## Horrid stuff 2

##### Feb 13, 2007

Jon P took my comment on negative correlation and explored it furtherGiven the large ranges of values cited in the original Economist chart, Jon concluded that there wasn't enough evidence to make a judgement.

I agree to a large extent.  Apart from the high variability of individual measurements, we also face the tiny sample of 5 cities.
In his chart, he made an implicit assumption that the correlation of two factors is related to the product of the ranges (variability) of each factor by plotting the rectangles.

A different way of looking at it is to plot only the mid-range values (i.e. ignoring the within-city variability).  The graph on the left hand side shows very little pattern.

Resorting to the formula, I found that the correlation = -0.03.  So barely detectable negative correlation.  Lets visualize this.

On the right graph, I added the mean lines for both variables.  This divides the graph into four quadrants; dots that fall into the lower right and upper left quadrants make the correlation value negative.  There were three of those versus two in the positive quadrants; hence, the tiny negative correlation.

You can follow this conversation by subscribing to the comment feed for this post.

-0.03? So R-squared is much less than 1%. Pretty tenuous. Also, you have three points in favor of a downward slope and two in favor of upwards, but one of those downward points would be touching the quadrant divider if the marker were a little larger. You could almost draw a circle connecting all the points.

We really need more cities, and more paired measurements, to say anything meaningful about the relationship.

I took the analysis sideways, and replotted my chart based on the assumption that there was some correlation (essentially plotting the diagonals of my boxes, rather than the centroids Kaiser plotted):

http://peltiertech.com/Excel/Commentary/HorridStuff.html

Why not? It's snowing and sleeting here (central Massachusetts), school is canceled and nobody's going anywhere, and it takes only two seconds to copy a sheet and delete a few rows.

Food for thought.

My monkey brain insists on seeing a pattern to the rise and fall, either two straight lines or a parabola. But with only five points of dubious accuracy, there's probably nothing really there.

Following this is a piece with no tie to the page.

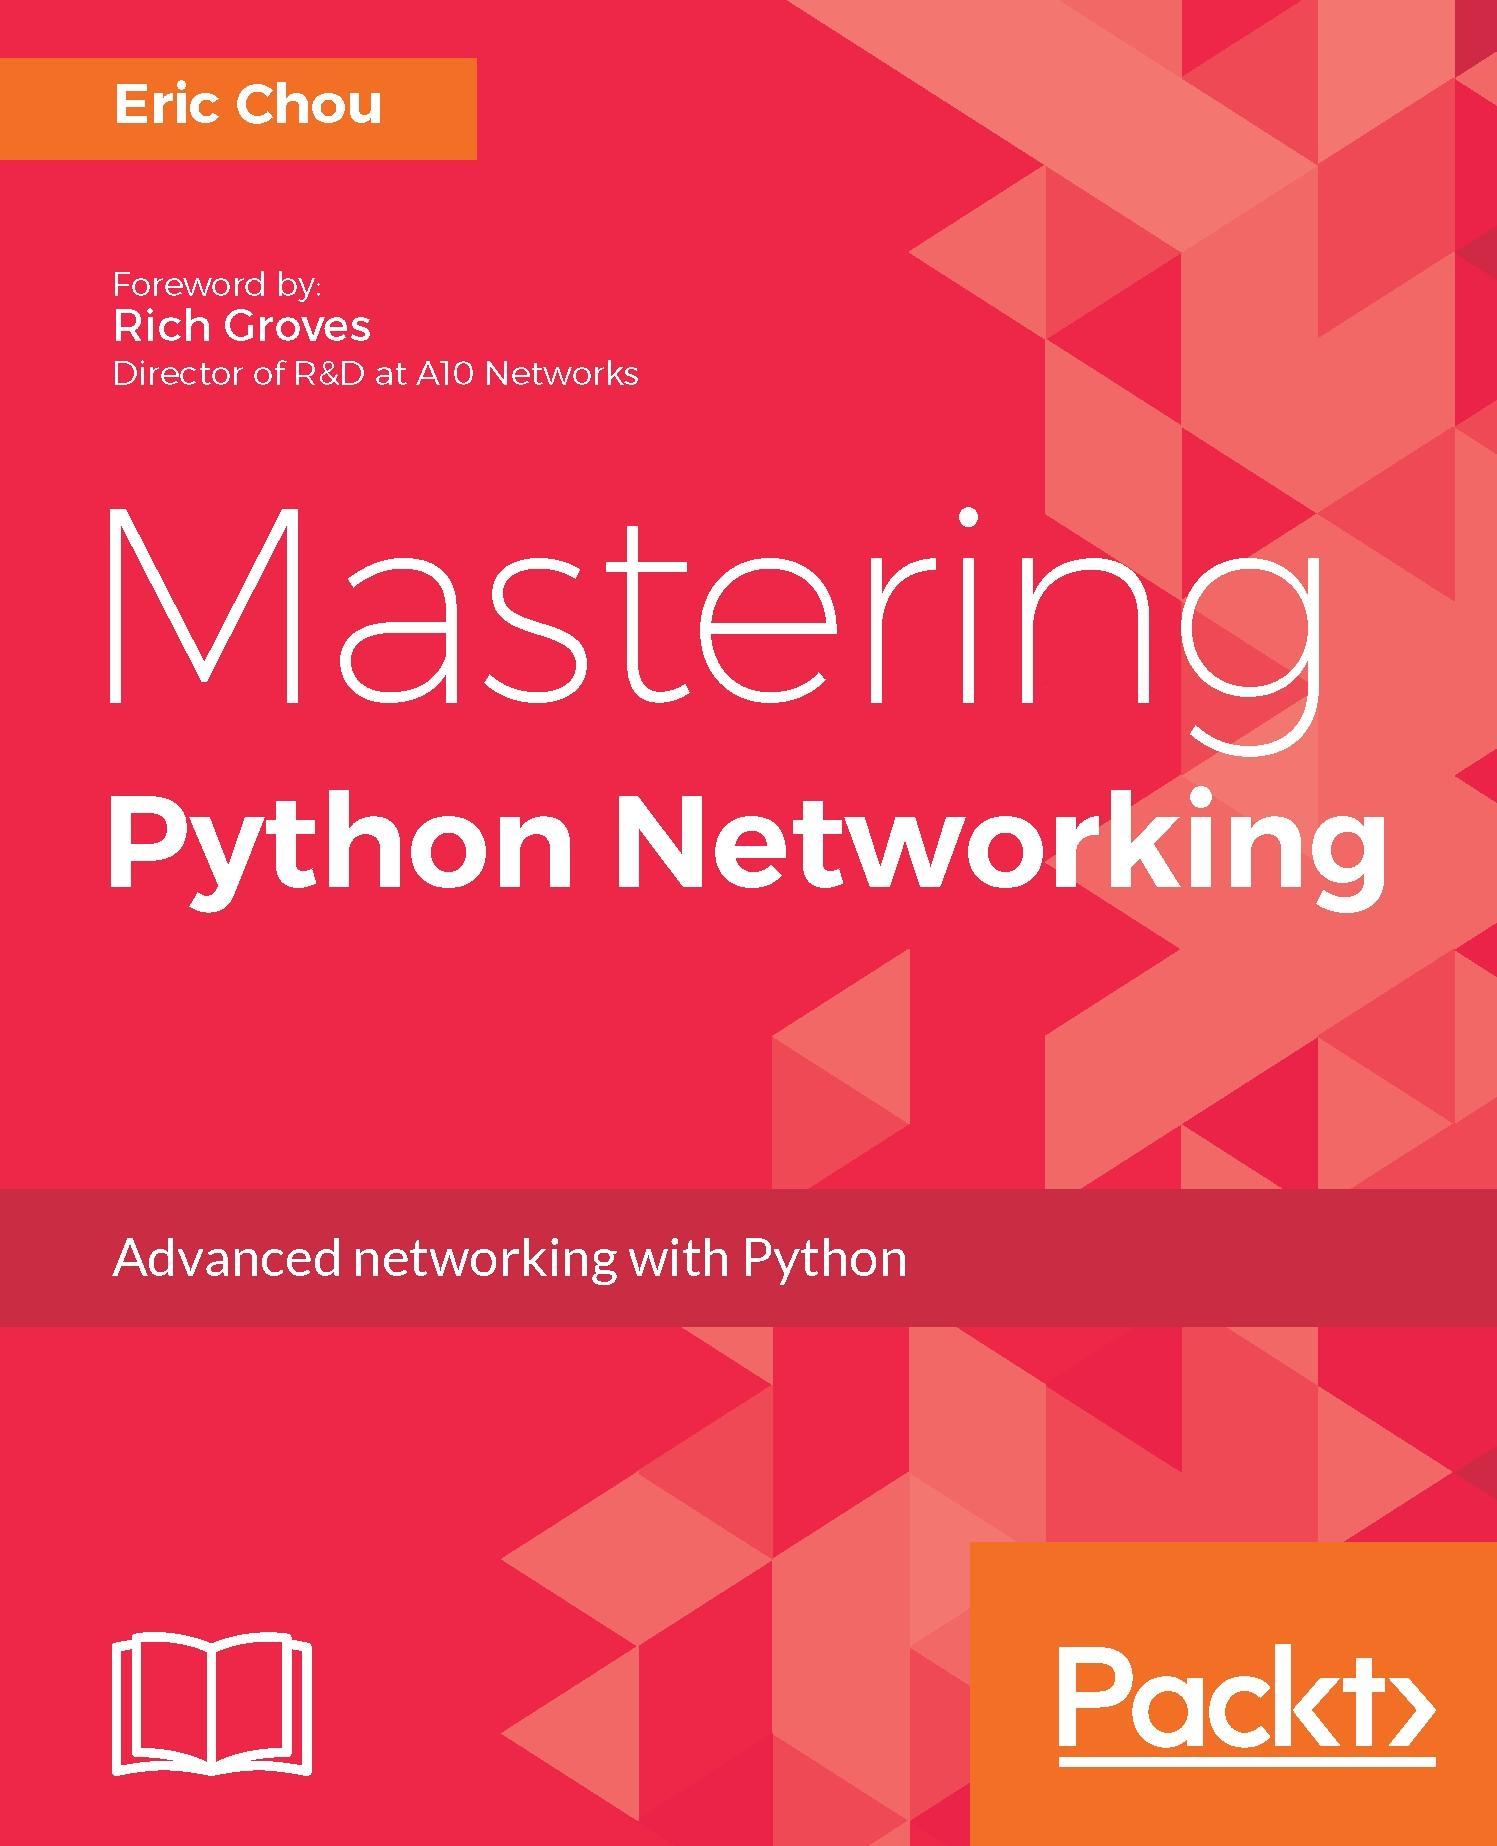 Mastering Python Networking
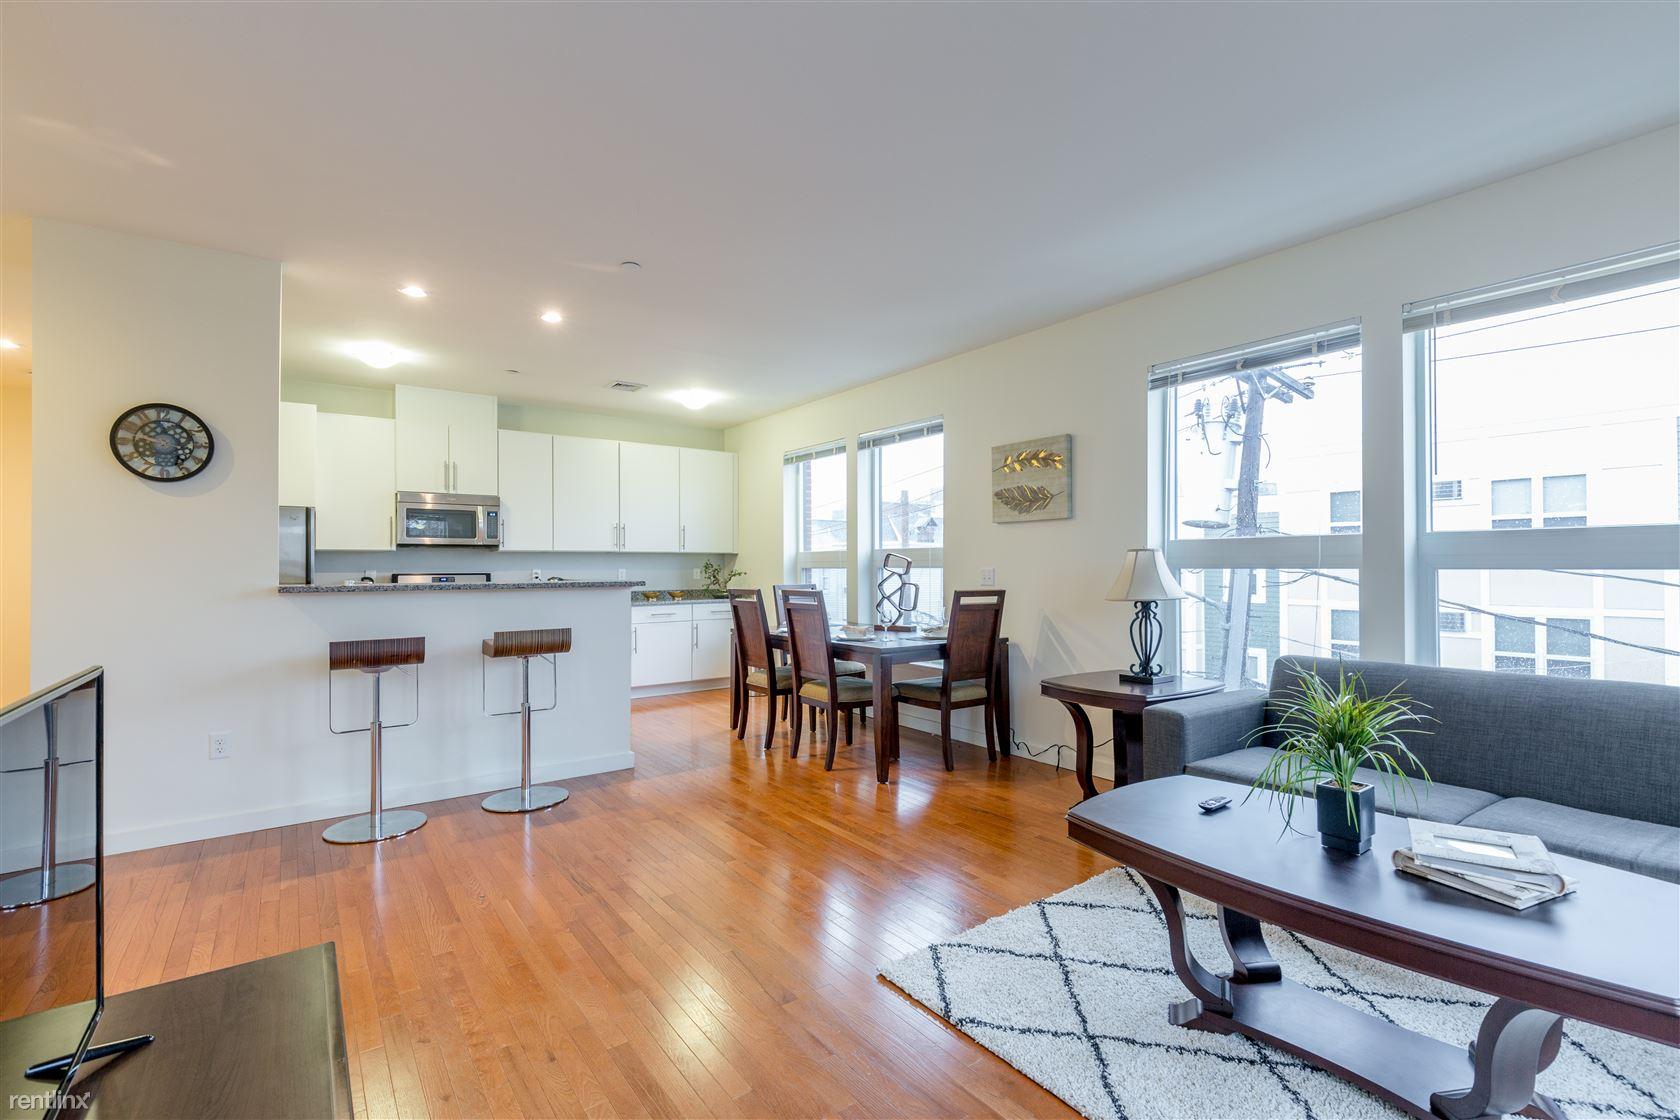 56 Gerrish Avenue, Chelsea, MA - $2,300

I think we can all agree on the conclusion that five samples are not enough to make reliable inference.

My graph was intended to illustrate a neat way to visualize the concept of correlation. Nothing more than that!

I'm not having a go at anybody. I'm sorry if you feel like you're being piled on.

Derek, don't worry. I wrote that comment just to make sure that the point of the posting was not lost.

The comments to this entry are closed.